I thought it could be related to source vfr or cfr but I tried to convert the input to cfr and nothing changed.
Moreover, I tried to force the keyframe every second to check if it was a keyframe issue with the following arg: -force_key_frames "expr:gte(t,n_forced*1)", but the problem is exactly the same.
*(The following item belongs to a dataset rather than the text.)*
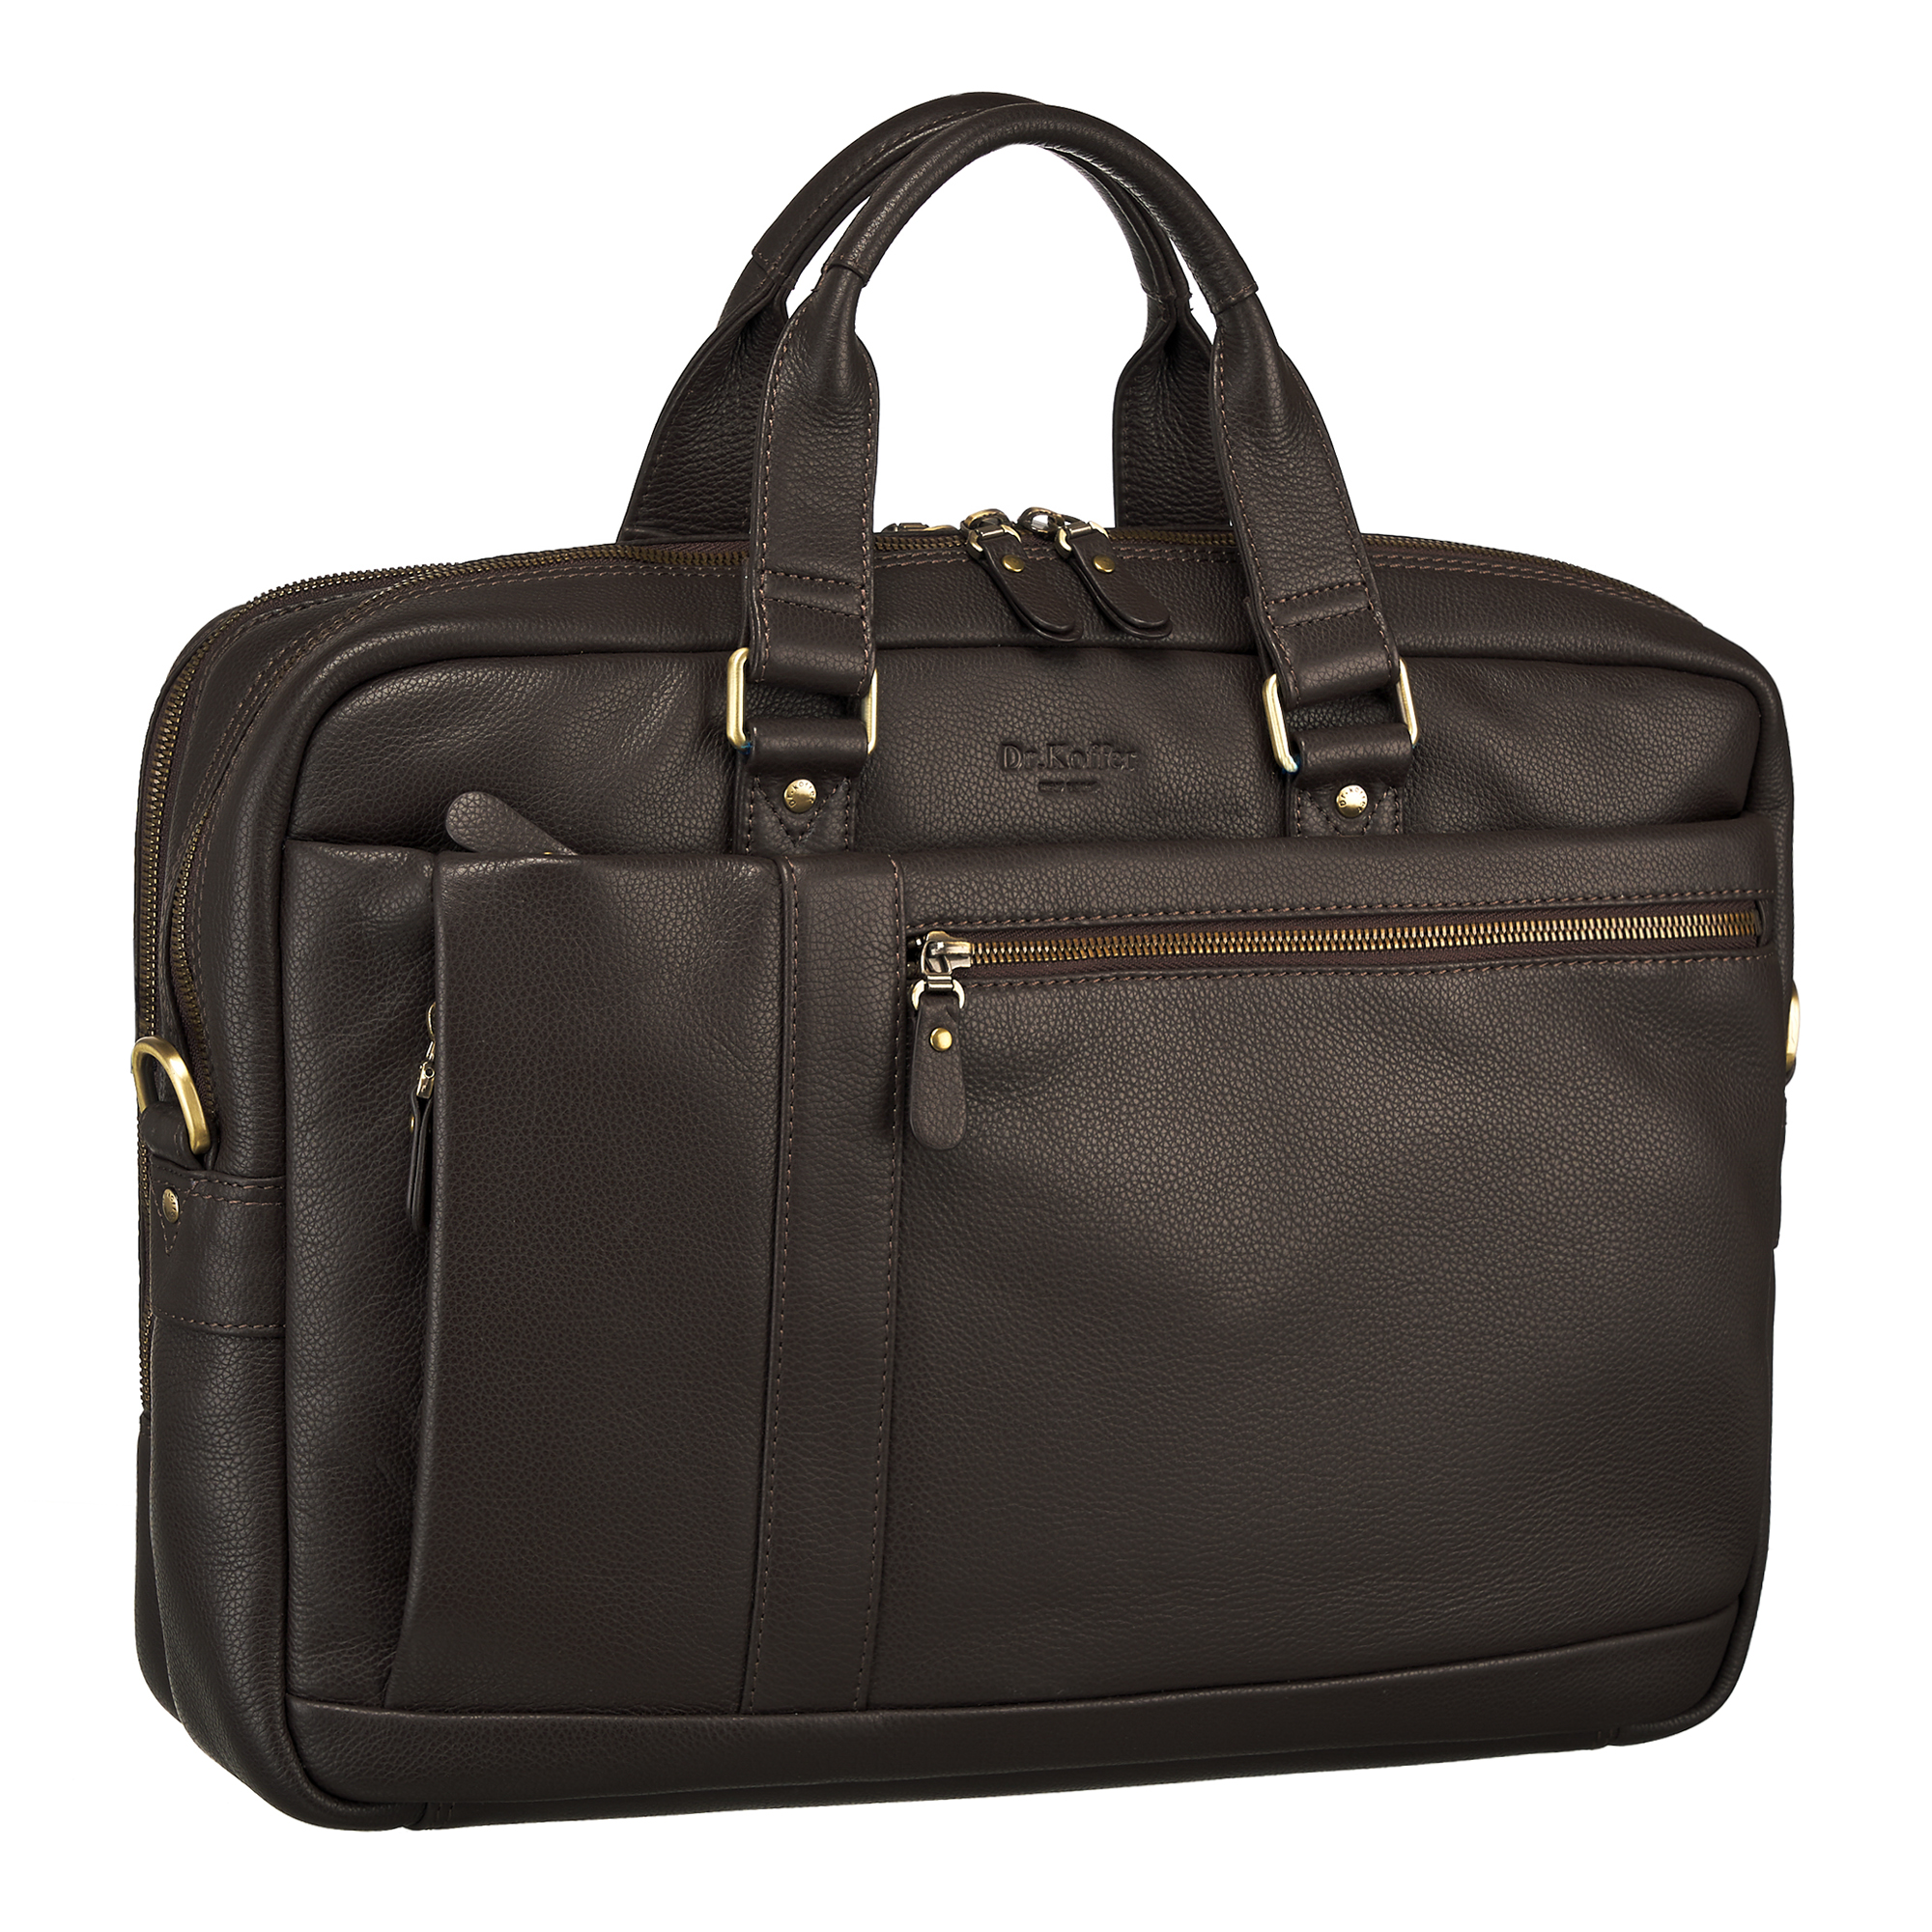 Др.Коффер M402761-260-09 сумка для документов, цвет коричневый

What am I doing wrong? it happens to me a lot with files in hvc1 and I really don't know how to deal with that.
The source of the differences is that FFprobe counts the discarded packets, and FFmpeg doesn't count the discarded packets as frames.
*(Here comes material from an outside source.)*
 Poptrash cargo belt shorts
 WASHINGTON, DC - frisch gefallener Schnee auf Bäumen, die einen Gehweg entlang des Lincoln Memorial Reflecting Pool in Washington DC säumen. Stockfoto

Your results are consistent with video stream that is created with 3 B-Frames (3 consecutive B-Frames for every P-Frame or I-Frame).
According to Wikipedia:
I‑frames are the least compressible but don't require other video frames to decode.
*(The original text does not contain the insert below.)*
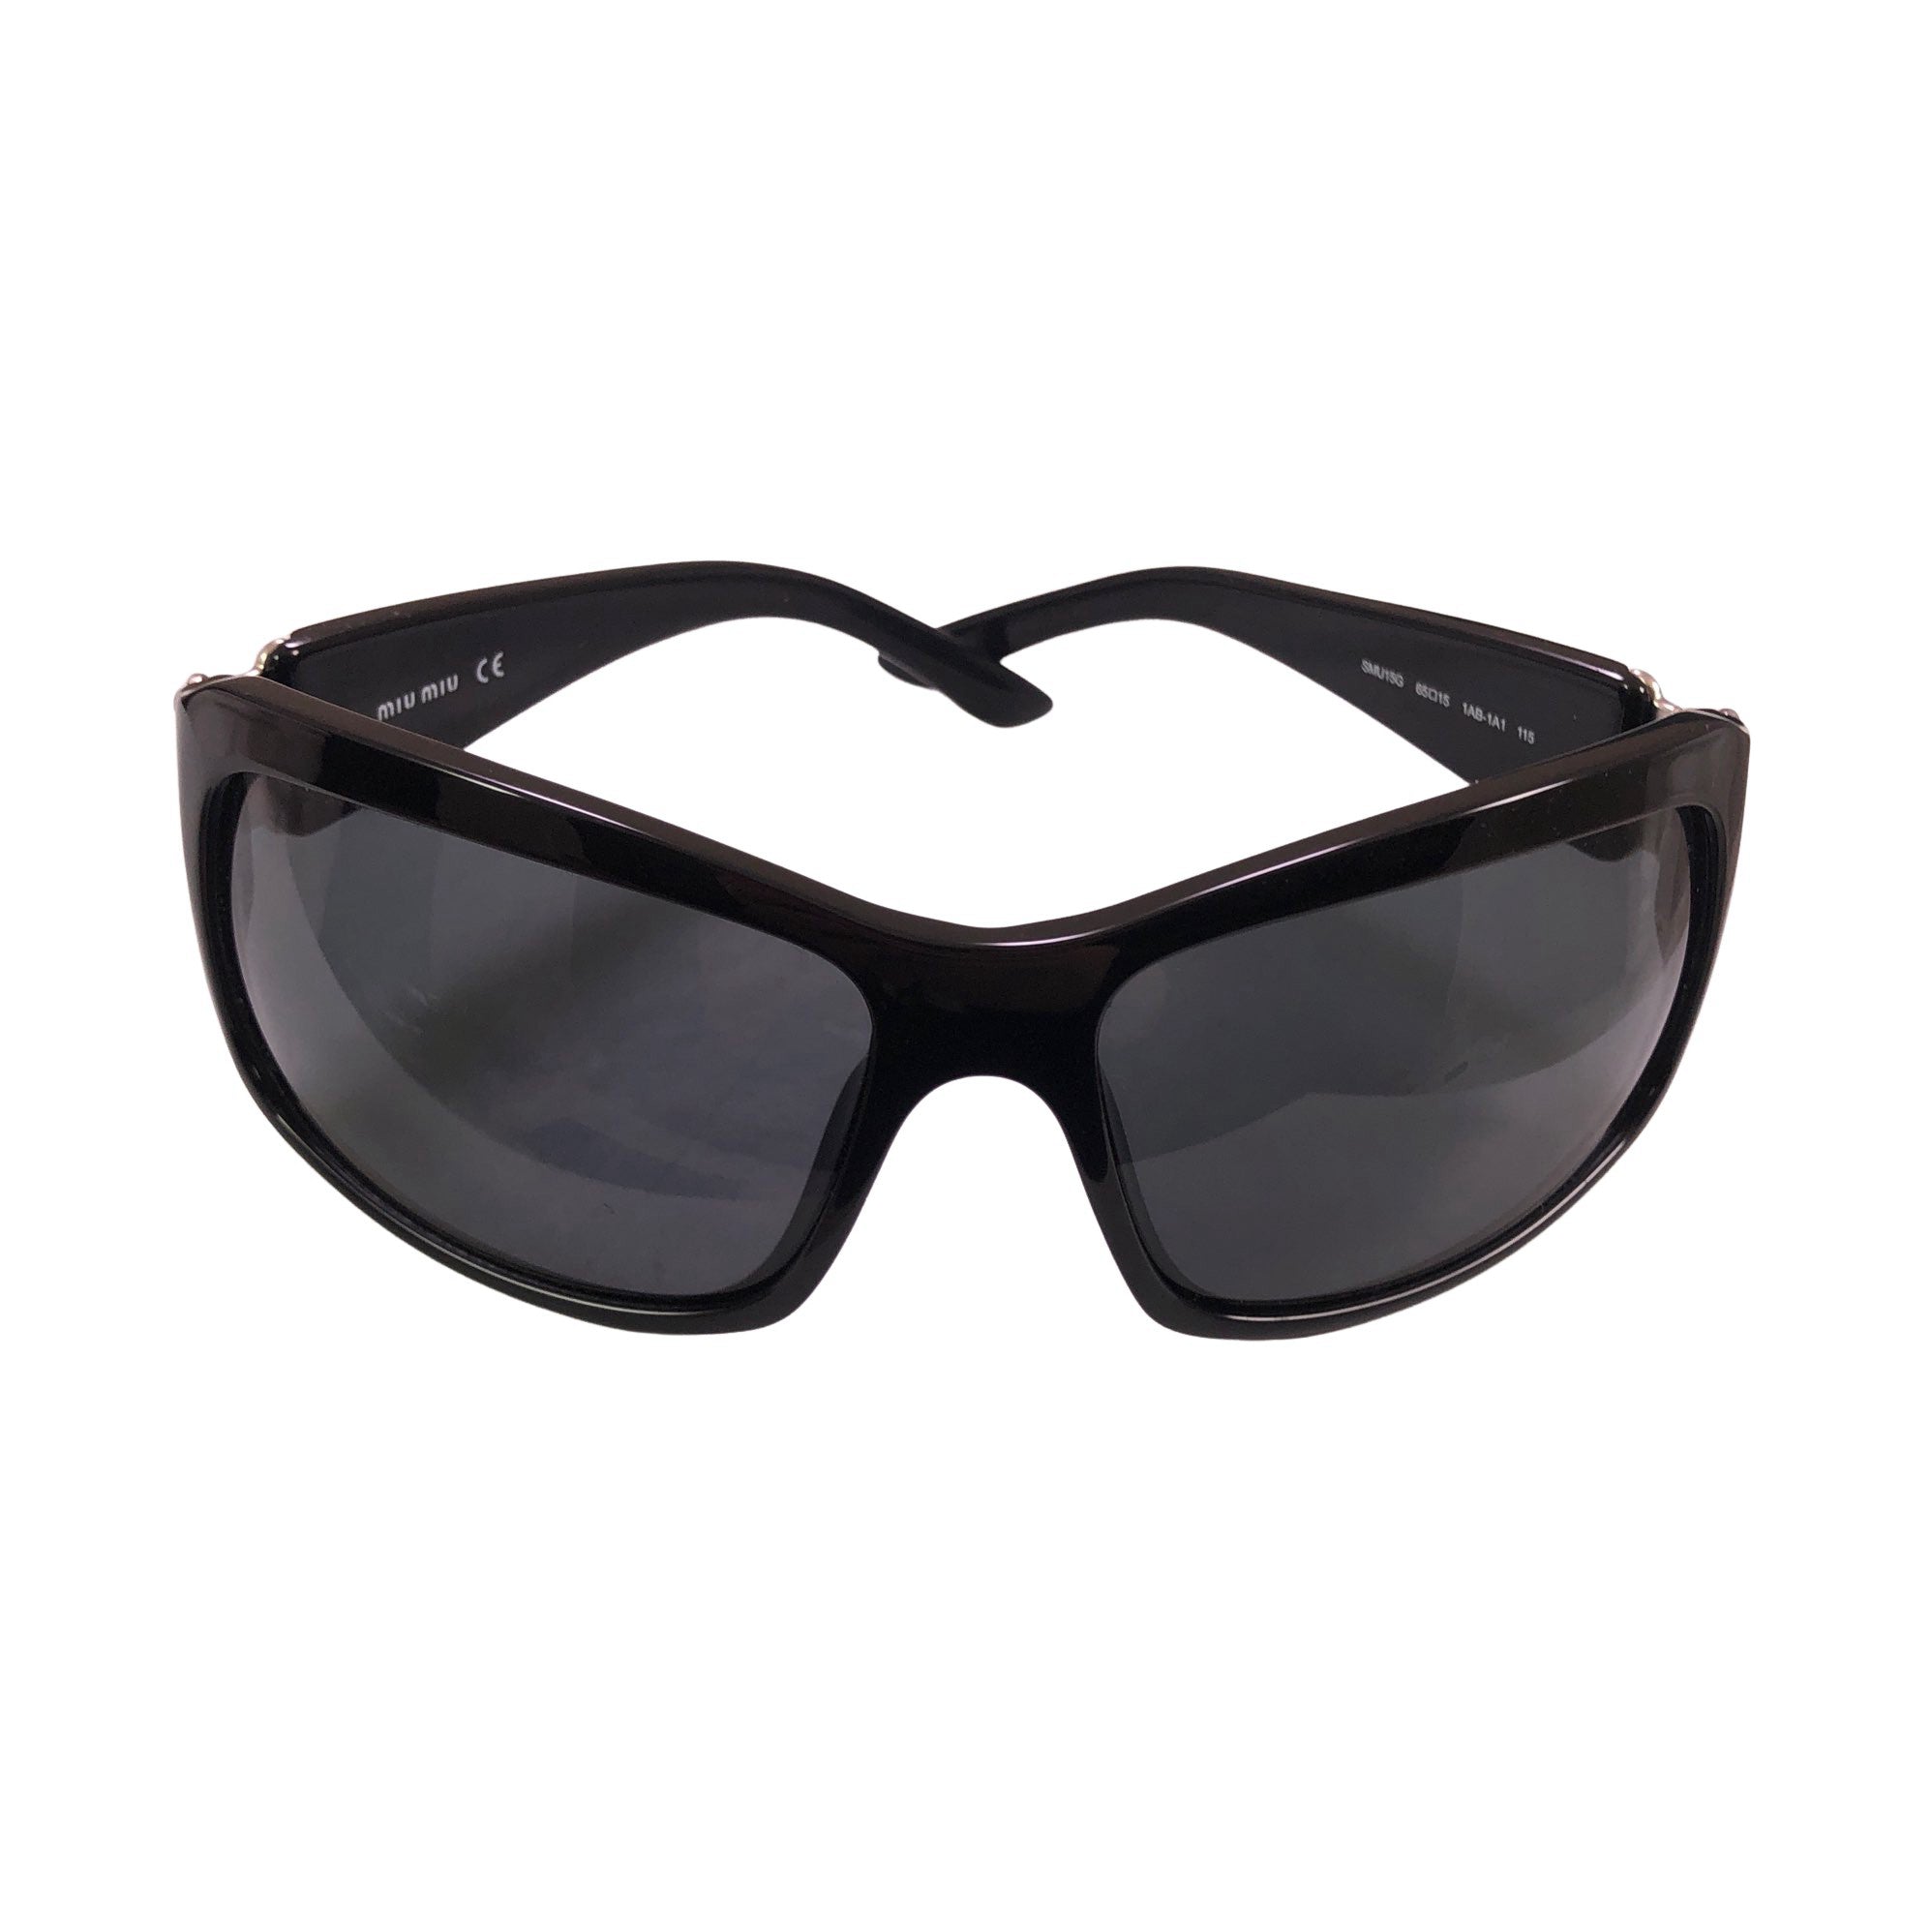 Women's Miu Miu Sunglasses, size Ei kokoa (Black)

P‑frames can use data from previous frames to decompress and are more compressible than I‑frames.
B‑frames can use both previous and forward frames for data reference to get the highest amount of data compression.
When splitting a video with P-Frame and B-Frame into segments without re-encoding, the dependency chain breaks.
AV_PKT_FLAG_DISCARD
flag).For the purpose of working on the same dataset, we my build synthetic video (to be used as input).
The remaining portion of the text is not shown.